INPUT DATA:

Start of Block

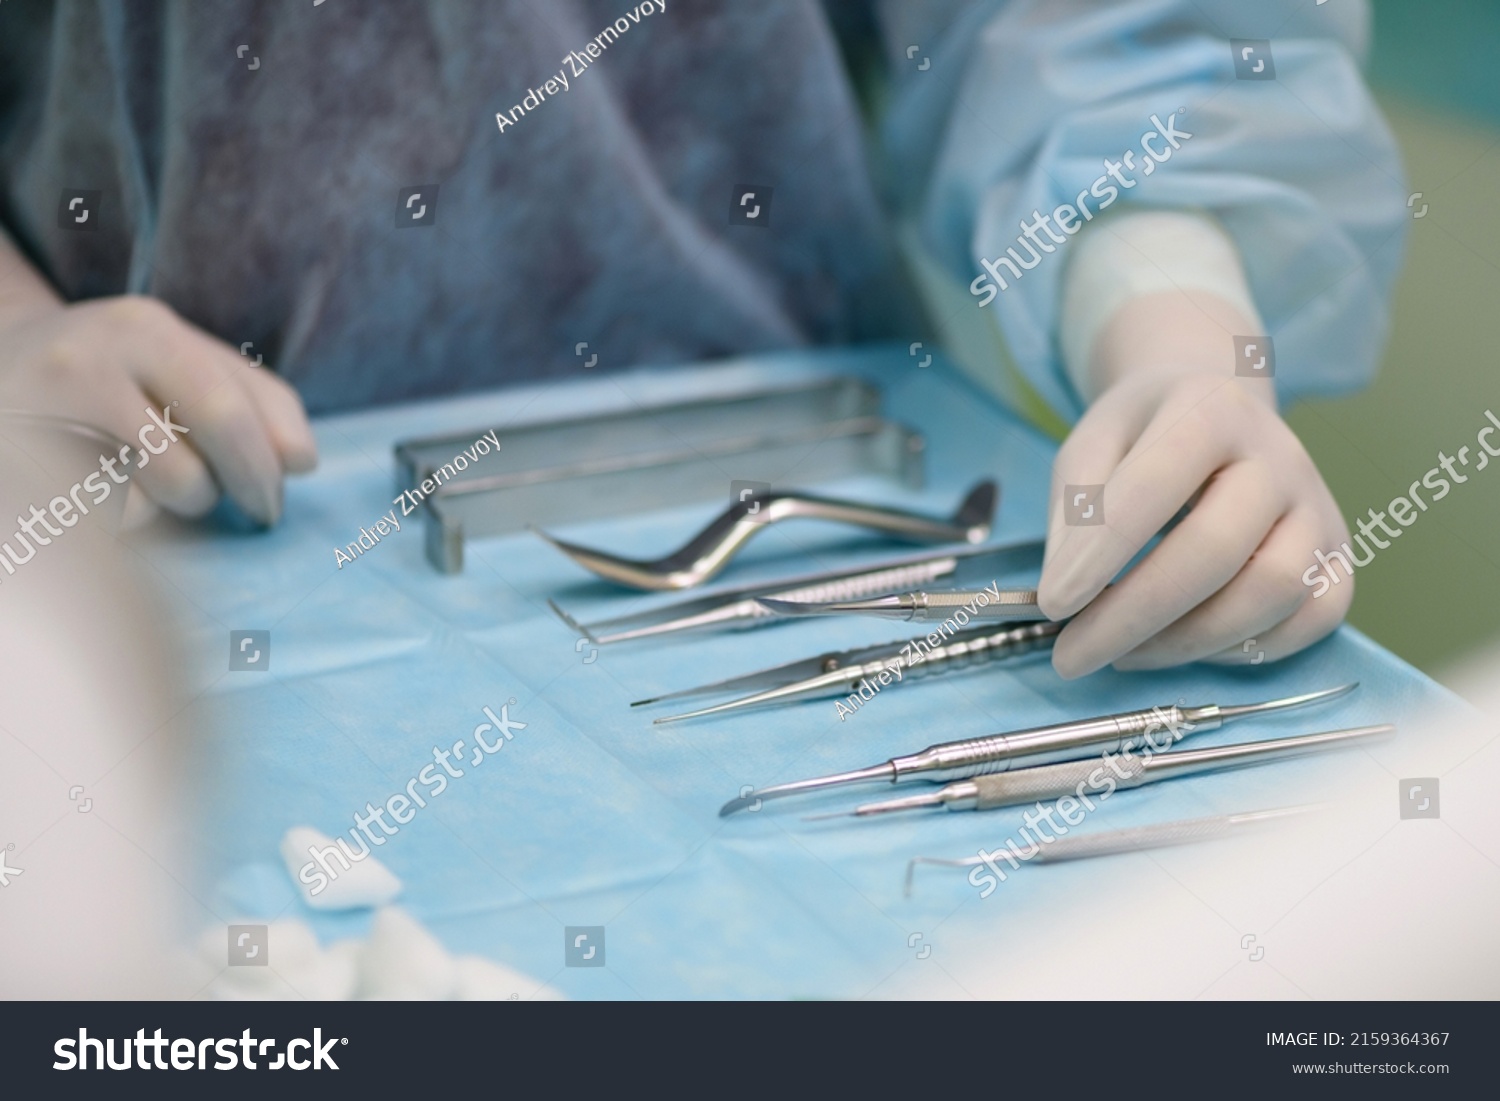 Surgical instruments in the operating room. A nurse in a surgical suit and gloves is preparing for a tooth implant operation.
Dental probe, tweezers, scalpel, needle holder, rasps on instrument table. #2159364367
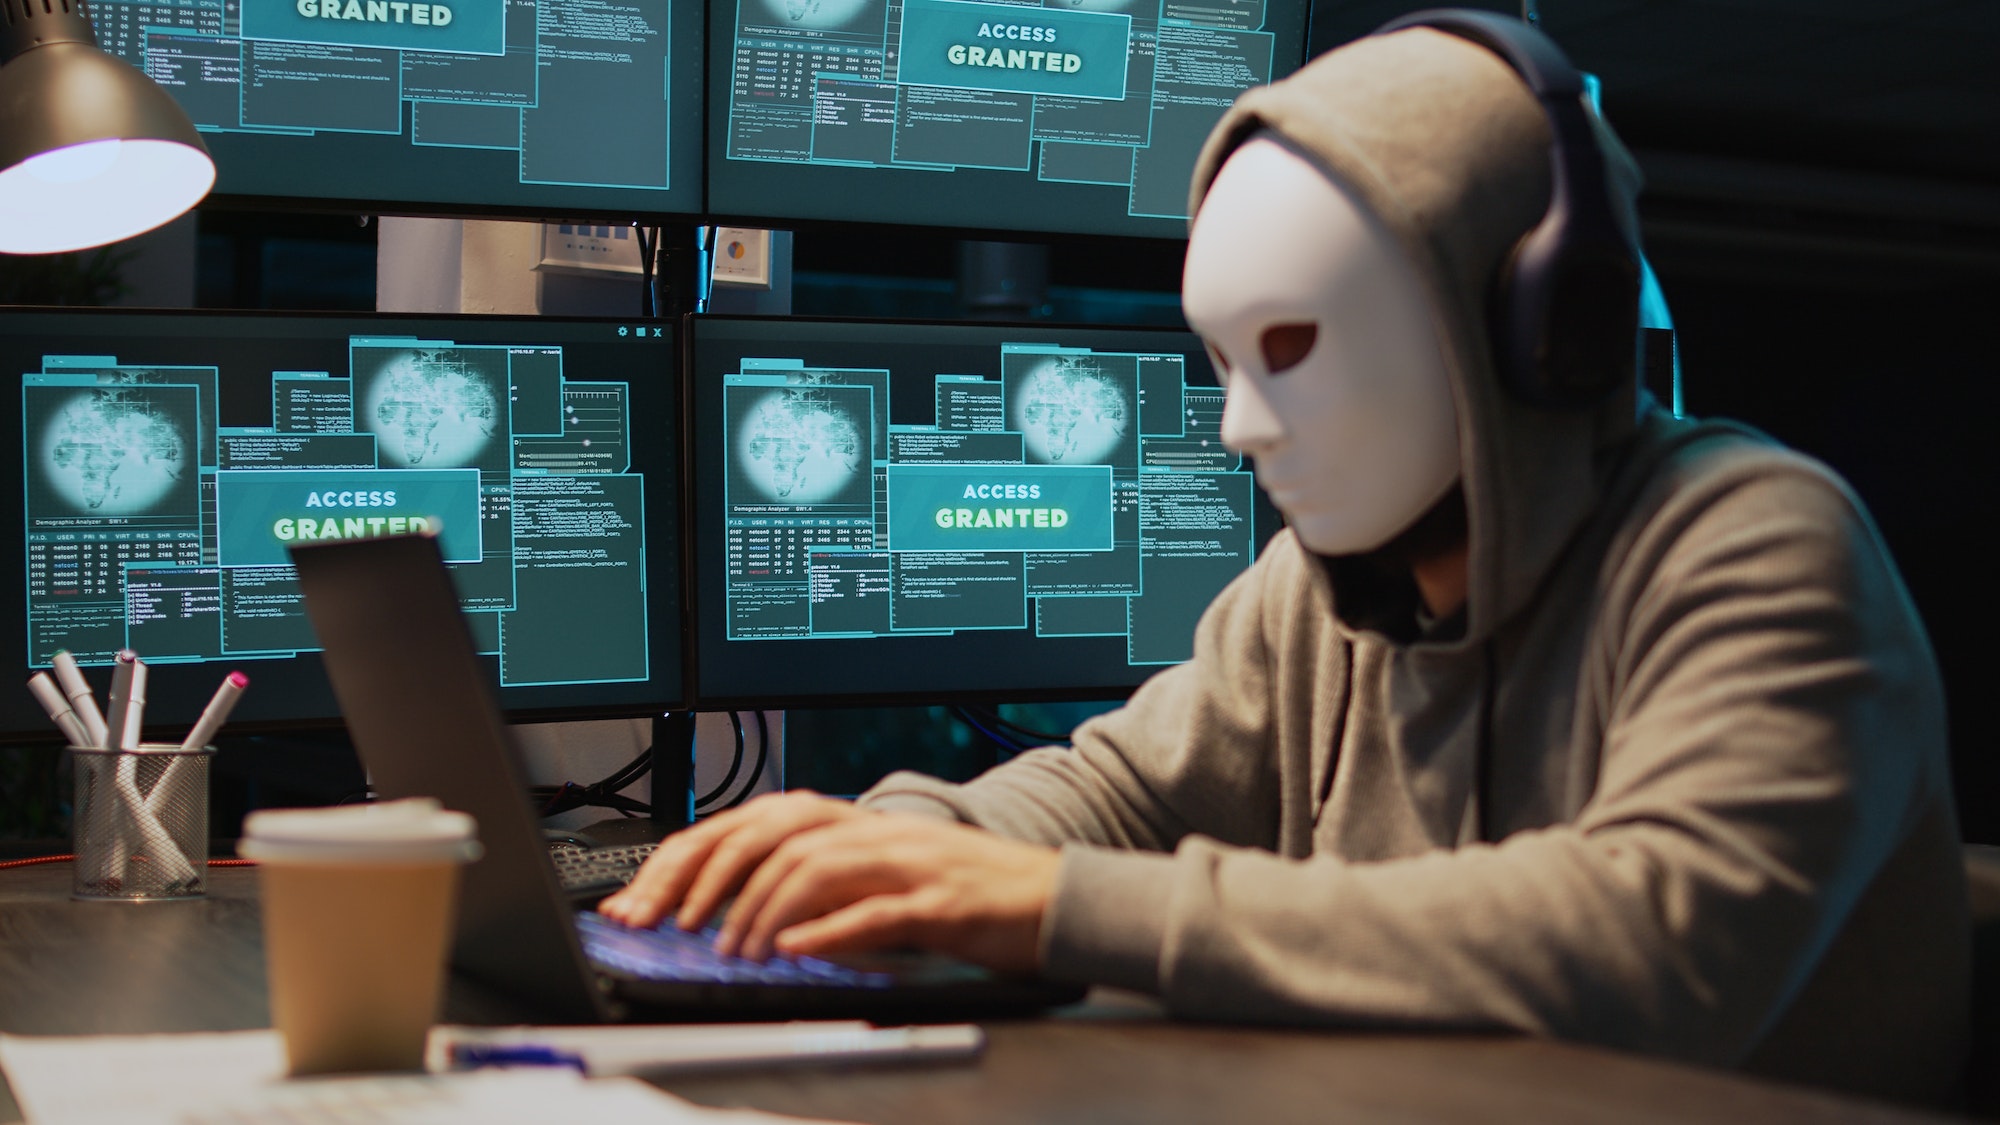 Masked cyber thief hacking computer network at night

End of Block
Start of Block

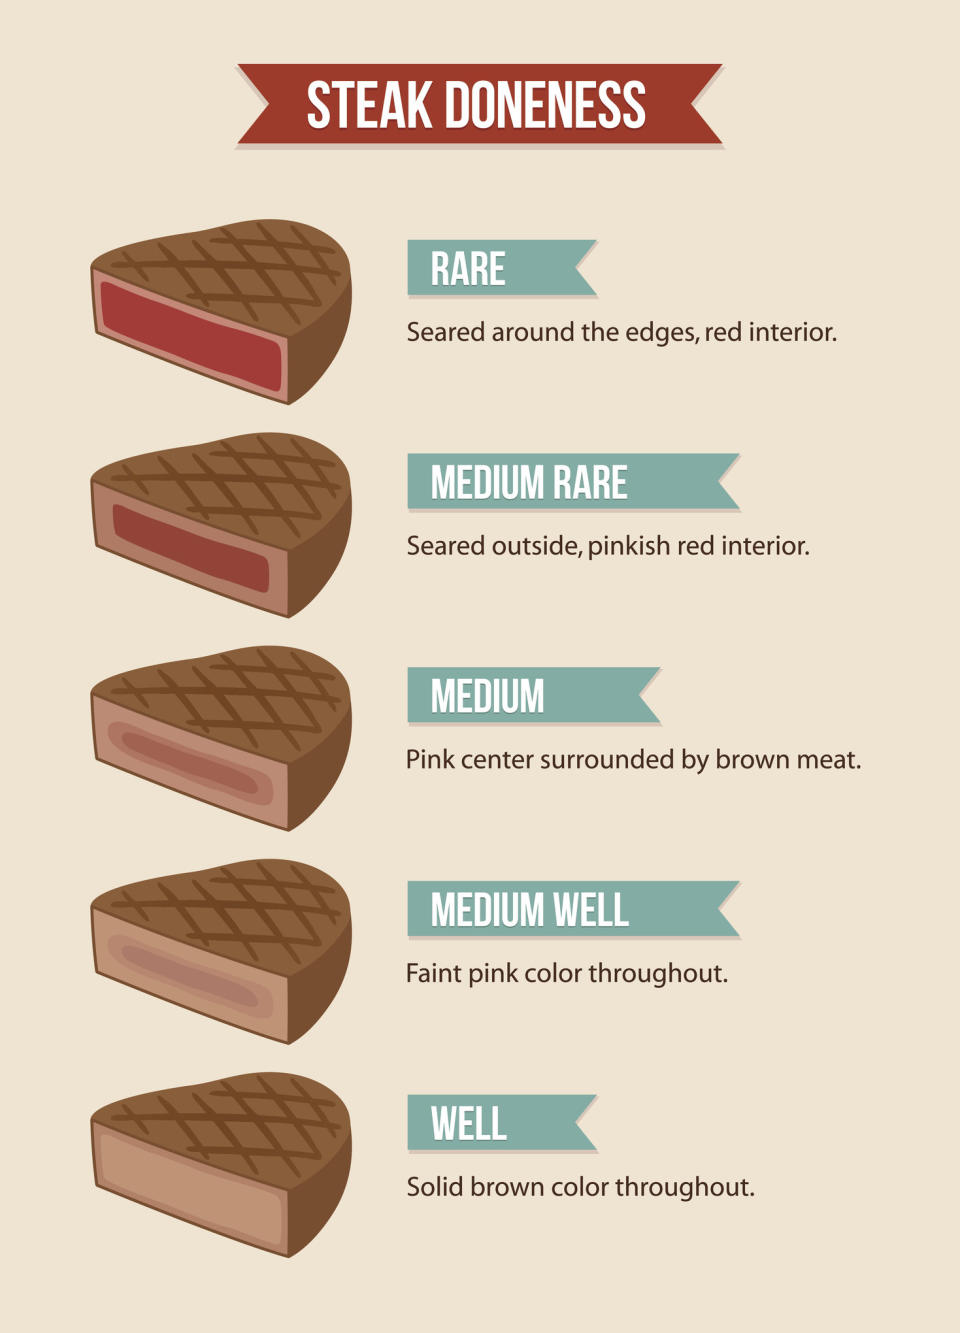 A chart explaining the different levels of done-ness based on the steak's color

End of Block

INSTRUCTIONS FOR THE TASK:
Find the line with "Surgical instruments in" in the data above, and from there retype each line exactly through the line with "Masked cyber thief", skipping the pictures along the way.

WRITTEN SOLUTION:
 Surgical instruments in the operating room. A nurse in a surgical suit and gloves is preparing for a tooth implant operation.
Dental probe, tweezers, scalpel, needle holder, rasps on instrument table. #2159364367
 Masked cyber thief hacking computer network at night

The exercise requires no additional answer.